Over last weekend, the HSE found an expert to appoint to the national incident management team's overseeing of the review of Savita's death. But the Government and the health authorities were mistaken if they thought that the announcement of this inquiry would bring lockdown on the scandal. Last Saturday, Praveen's solicitor spoke to the HSE director, Dr Philip Crowley, to discuss the draft terms of reference of this inquiry. O'Donnell claimed he told Dr Crowley that Praveen wasn't happy with the HSE conducting the inquiry: "I said to him, 'I'm flagging this now for you and I will write to you on Monday setting out my thoughts in writing'. I did that and sent off the letter. Then on Monday afternoon I heard they had gone ahead and established it anyway. That's why we have no faith in the HSE."

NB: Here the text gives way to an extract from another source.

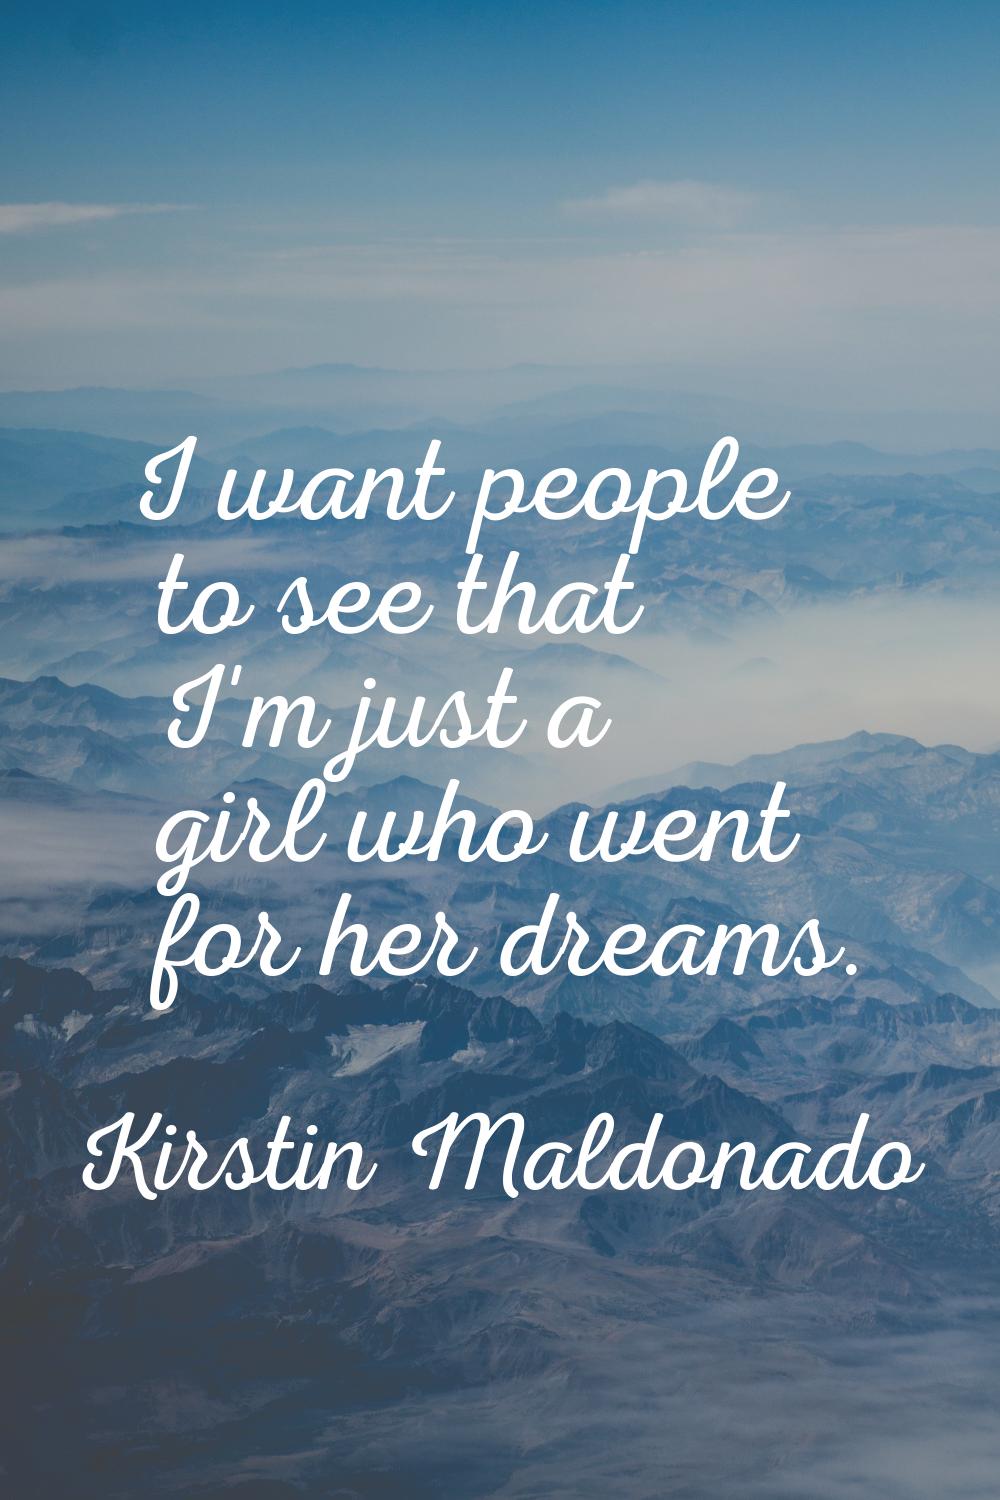 I want people to see that I'm just a girl who went for her dreams.

At a press conference last Monday, the HSE's "review" was bumped up to an "investigation", headed by Professor Sabaratnam Arulkumaran, a renowned expert on obstetrics and gynaecology from London – who himself was accused of being a liberal on abortion. Surprisingly, the three consultants who worked for Galway University Hospital were originally selected by the hospital to do the initial local "review" of Savita's death. According to the HSE this weekend, the three Galway consultants were simply "subsumed" into the bigger inquiry, yet no one had spotted the potential conflict of interest in having three consultants help investigate the very hospital they work for.

By Thursday, Tony O'Brien, the head of the HSE, was calling the "investigation" a "clinical review", acknowledged its limitations and called in the health watchdog, Hiqa, to add independence by launching a statutory inquiry. Regardless of Praveen's concerns, it would be criminally negligent for the HSE's inquiry not to proceed.

But the controversy and confusion over the setting up of an inquiry into Savita's death became an ugly side show in an appalling human tragedy. Threats from Praveen's solicitor of High Court injunctions to stop the inquiry by refusing it access to Savita's medical records, talk of complaints to the Data Protection Commissioner about breaches of confidentiality, of complaints to the Ombudsman, have as yet come to nothing.

This weekend, O'Donnell had suggested that a commission of investigation – if it included cross examination and was in public – might just do. Praveen meanwhile cuts a lonely figure, bereft, grieving and the only representative of their families in Ireland to battle for answers over her death.

"The family are very much behind him, they are on to him several times a day. And they want a public inquiry. So he is doing his best for them as well, both for his own parents and for Savita's parents," said O'Donnell.